> _Assigned task_: Copy every record below exactly as written, but leave out the pictures.

[Data entries]
☆ ☆ ☆ ☆
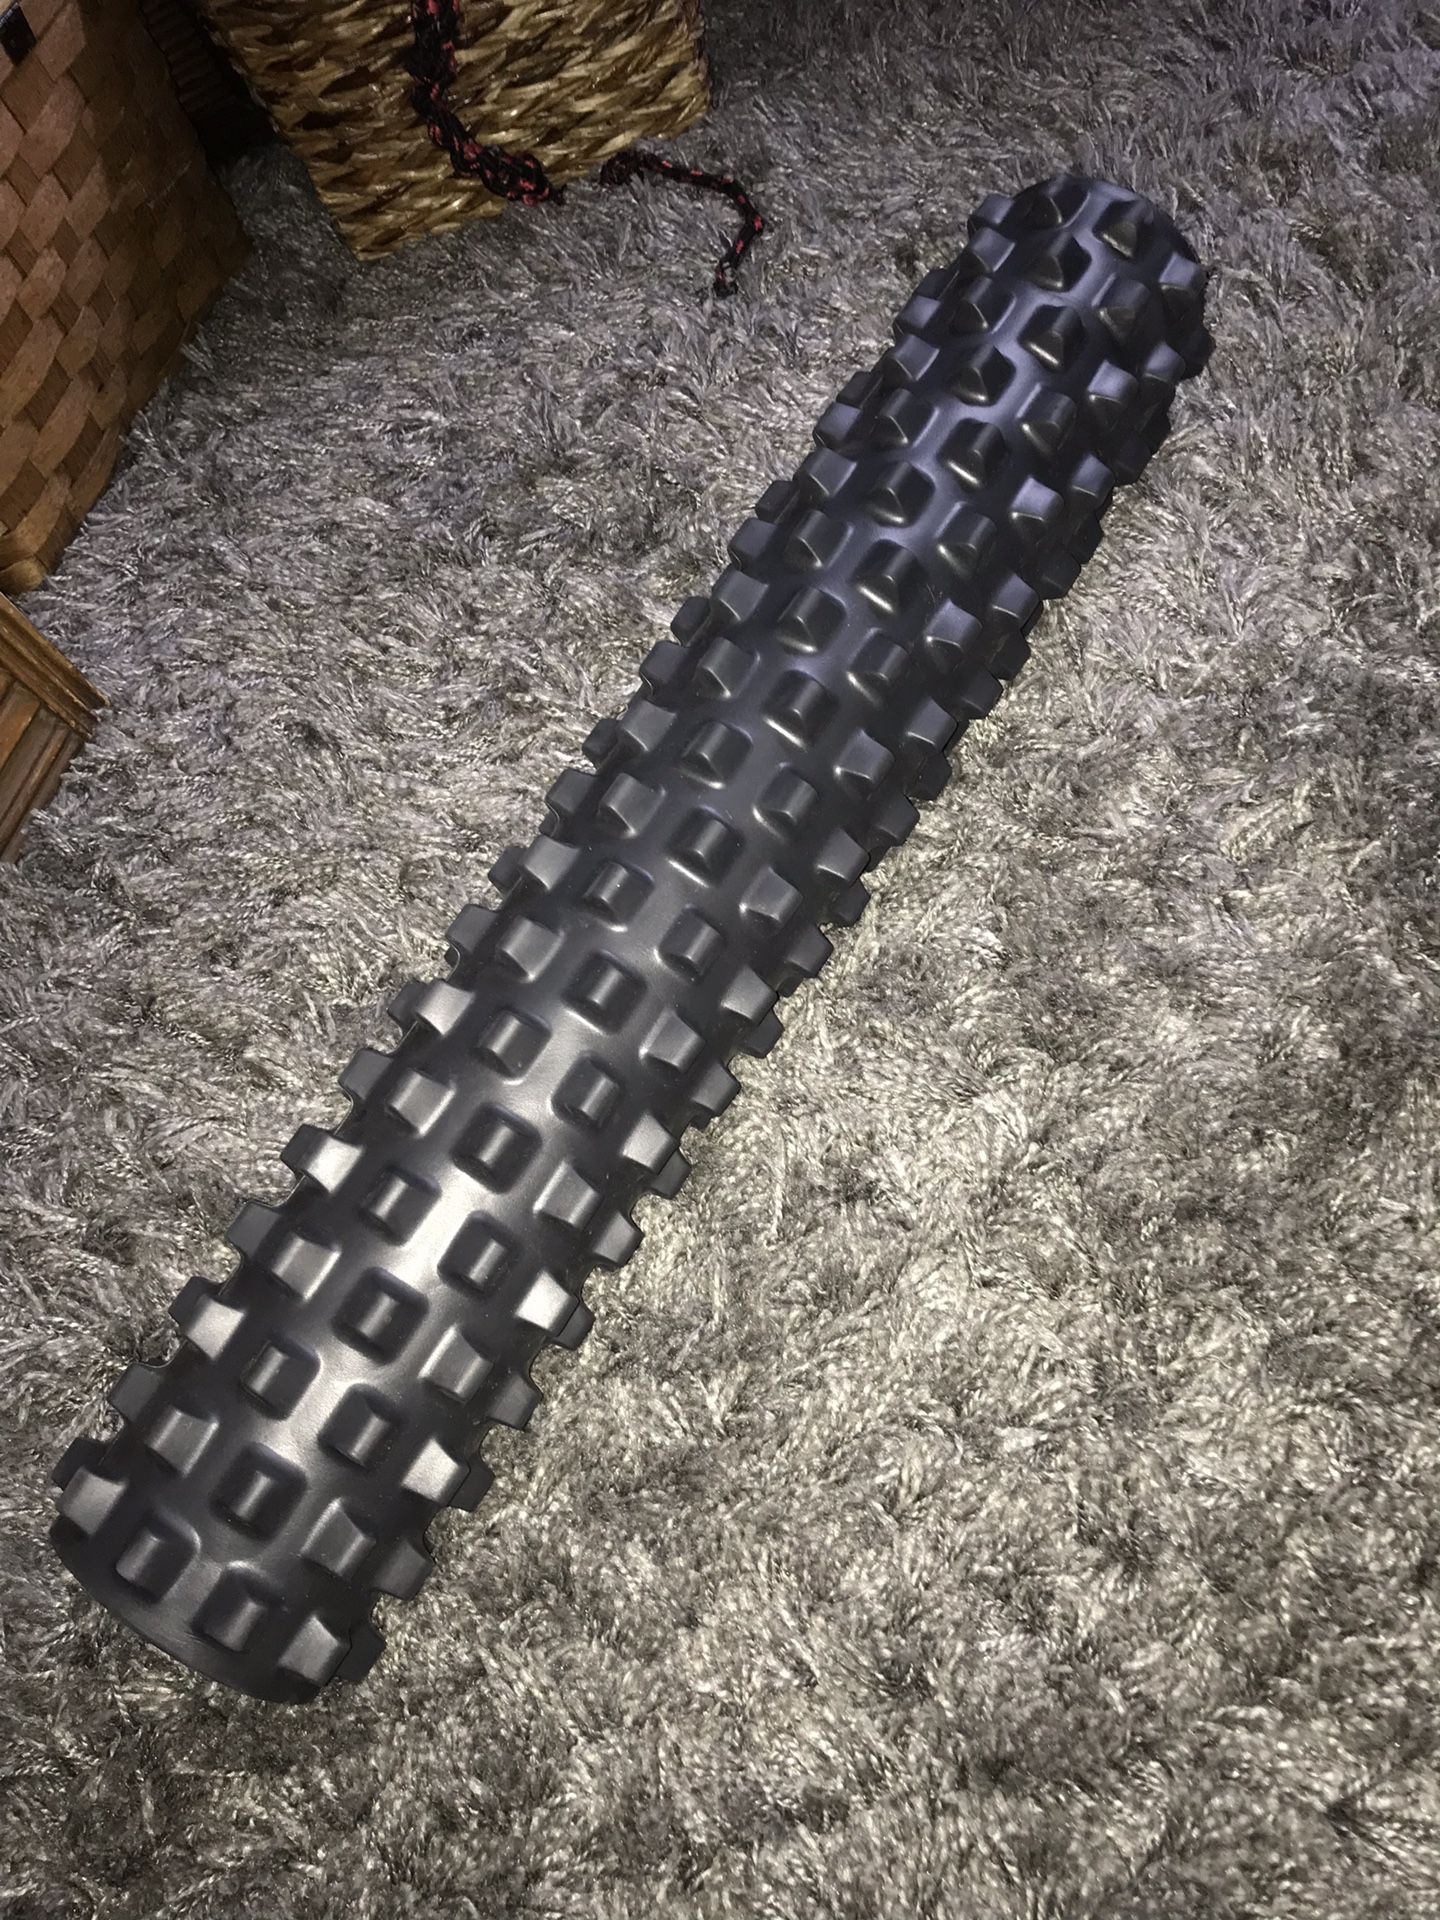 Exercise & Yoga Rumble Roller
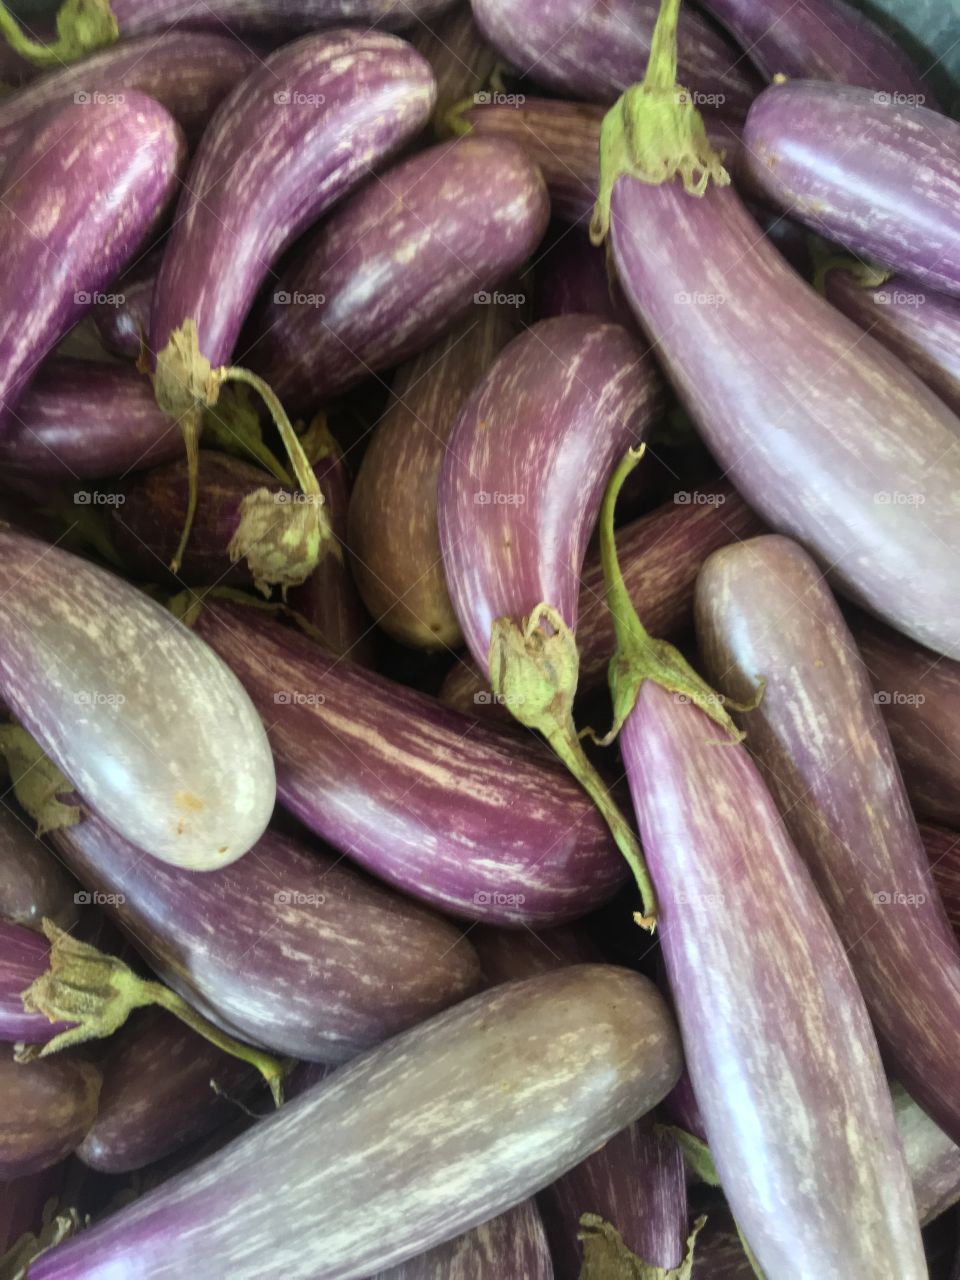 Eggplant for sale at the North Carolina State Farmers Market in Raleigh, North Carolina 
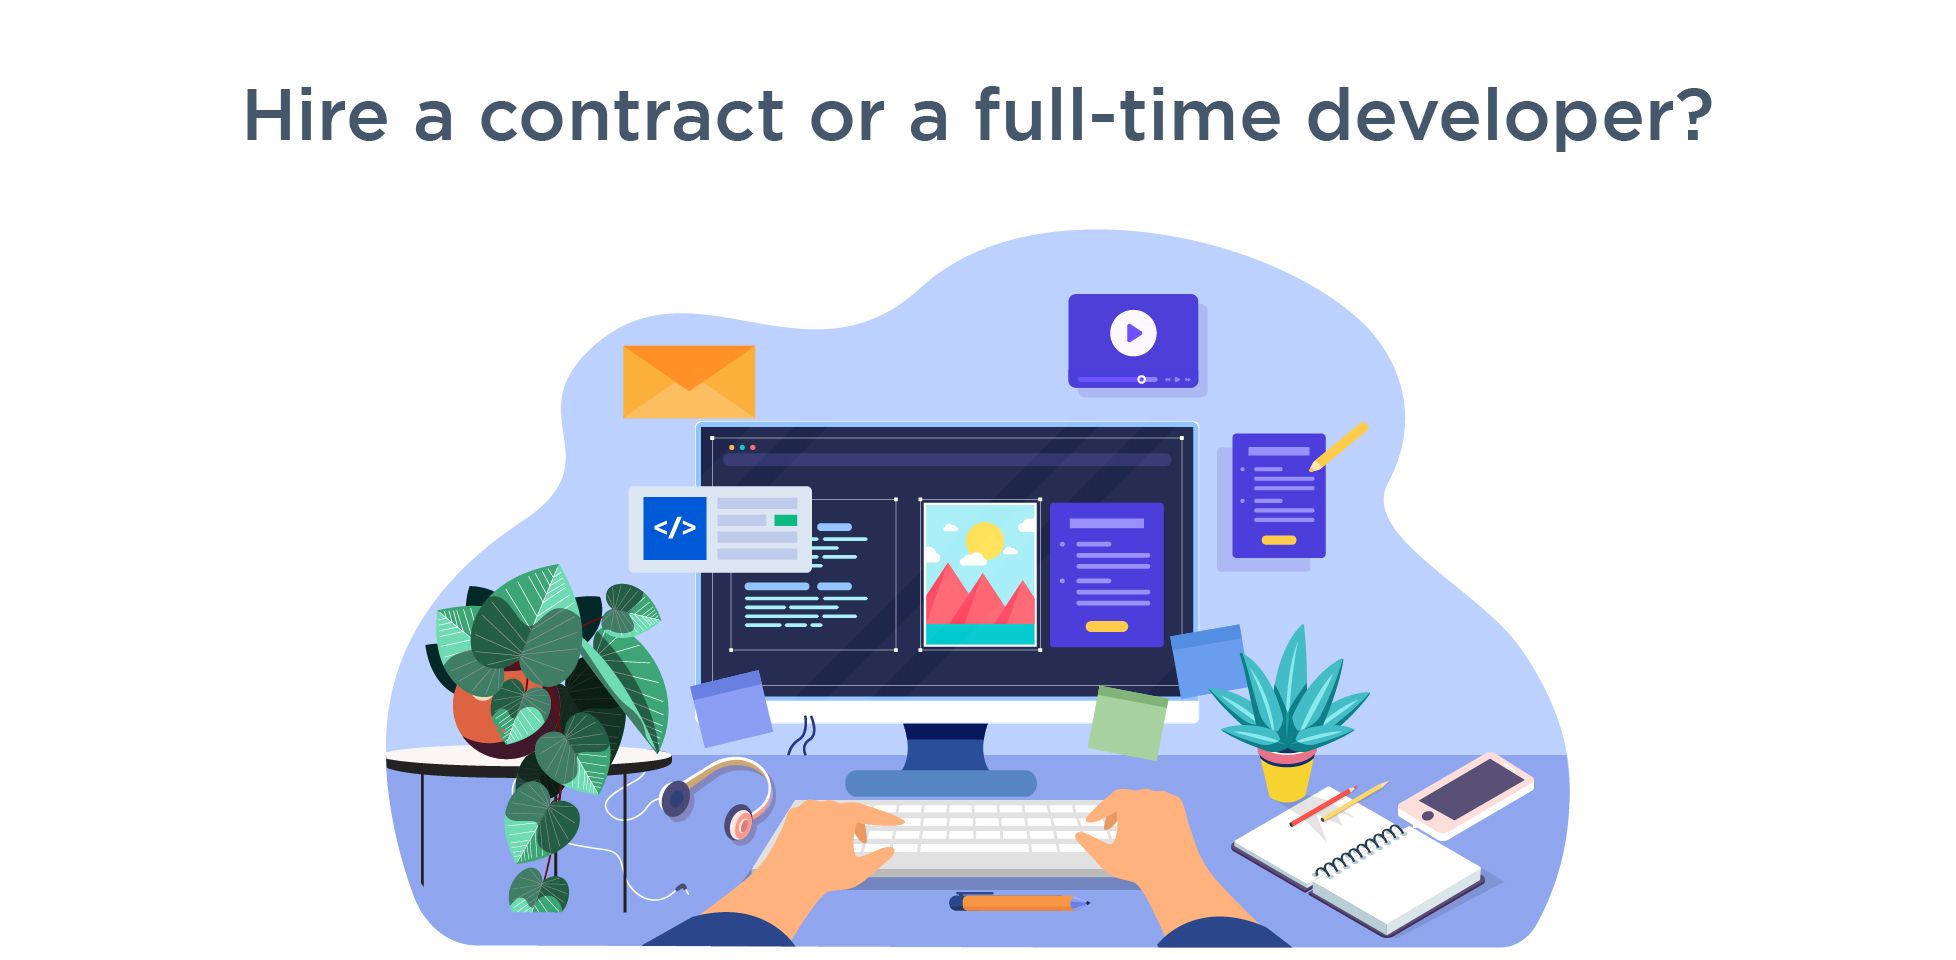 Should you hire a contract or a full-time developer?
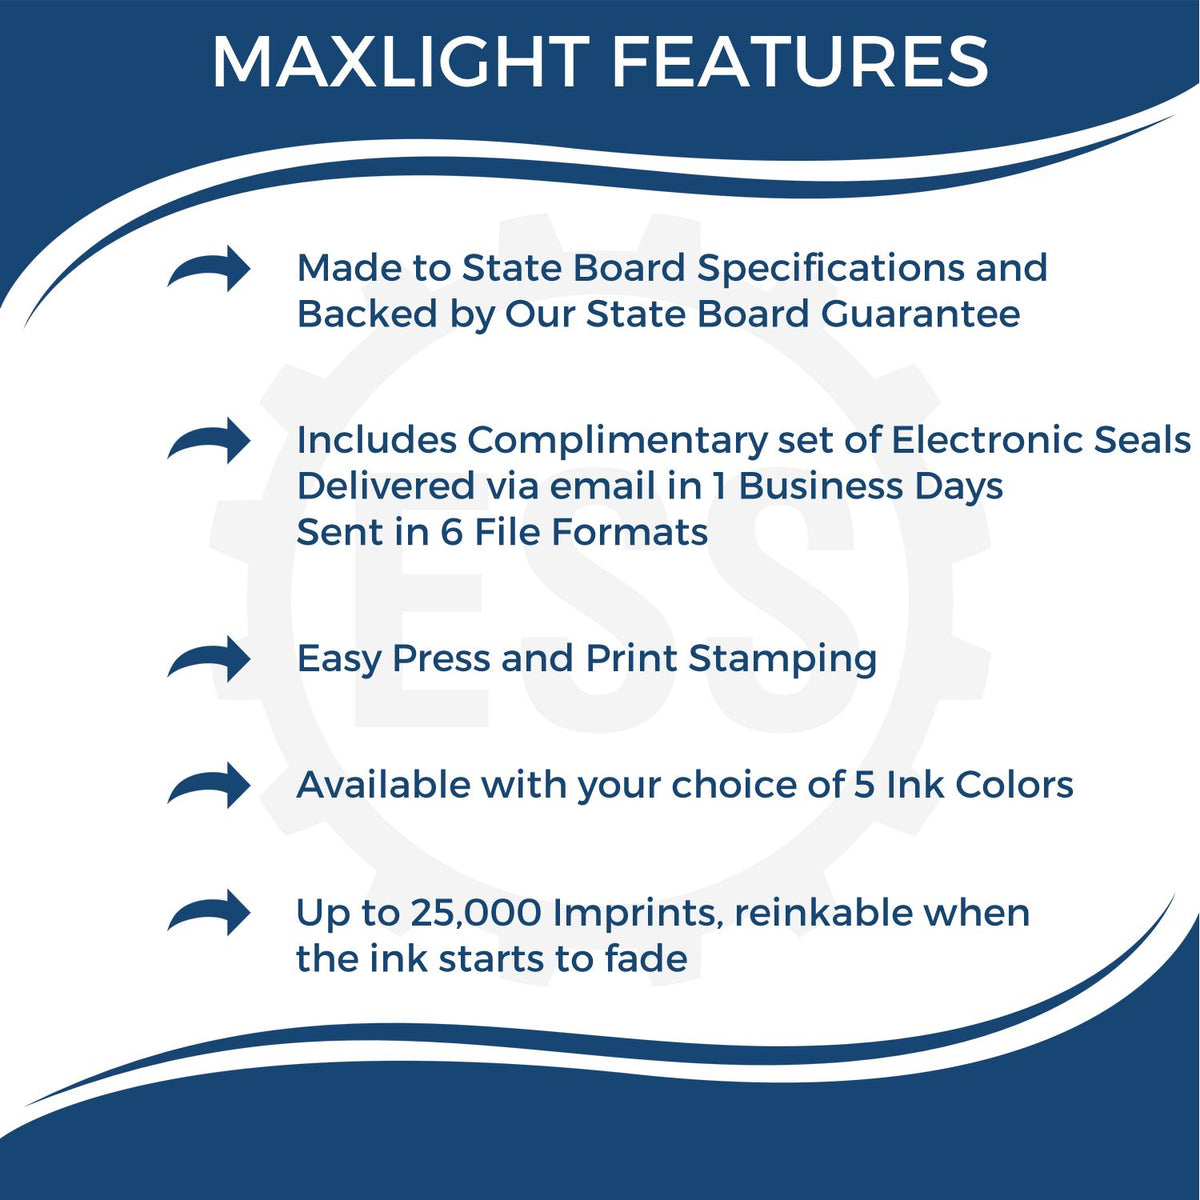 A picture of an infographic highlighting the selling points for the Premium MaxLight Pre-Inked Kansas Geology Stamp
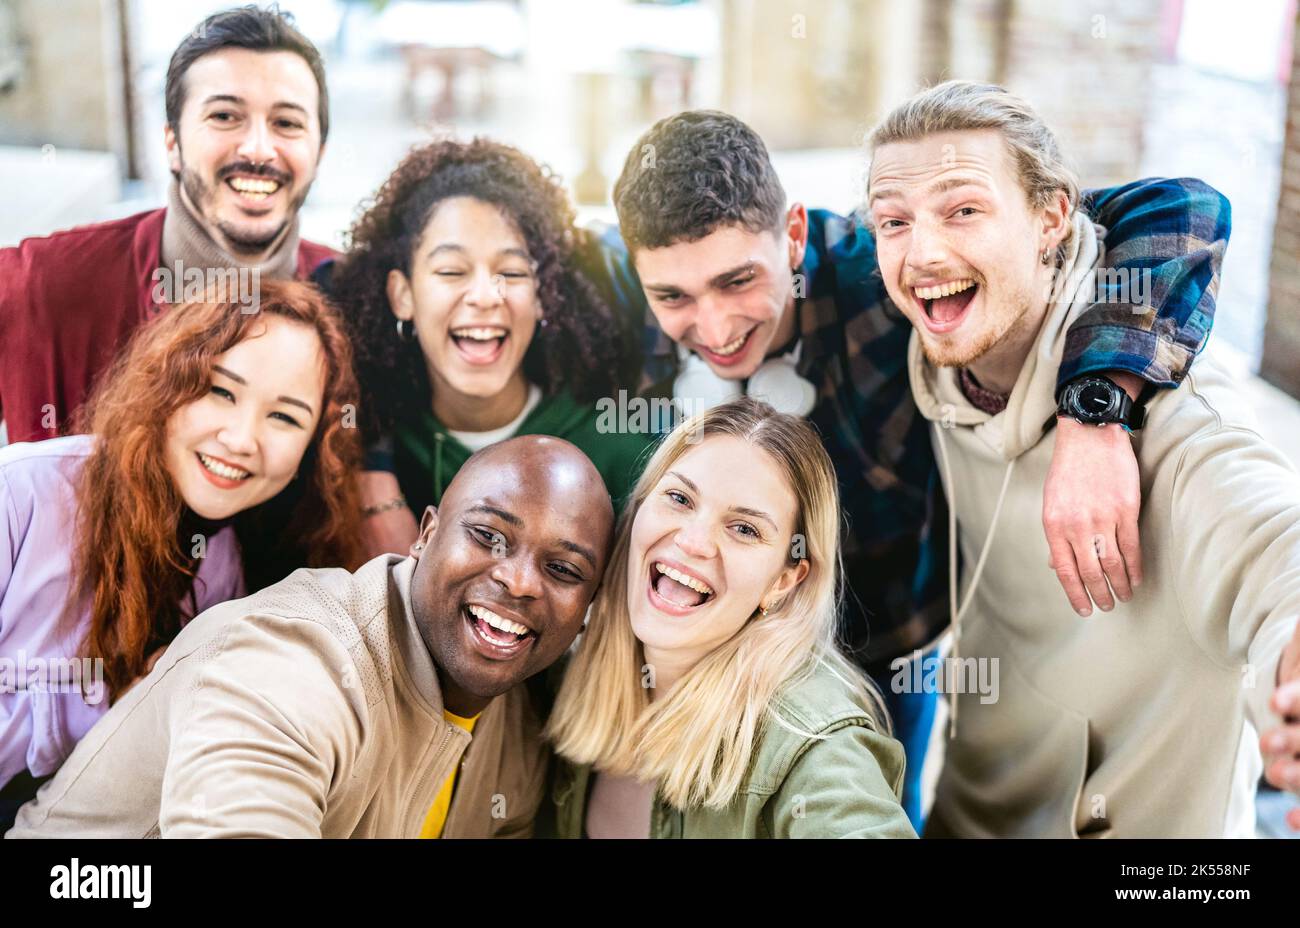 Multicultural guys and girls taking selfie outdoor on urban background - Happy milenial life style concept with young multiethnic trendy people having Stock Photo
☆ ☆ ☆ ☆
> _Solution to this problem_:
 Exercise & Yoga Rumble Roller
 Eggplant for sale at the North Carolina State Farmers Market in Raleigh, North Carolina 
 Should you hire a contract or a full-time developer?
 A picture of an infographic highlighting the selling points for the Premium MaxLight Pre-Inked Kansas Geology Stamp
 Multicultural guys and girls taking selfie outdoor on urban background - Happy milenial life style concept with young multiethnic trendy people having Stock Photo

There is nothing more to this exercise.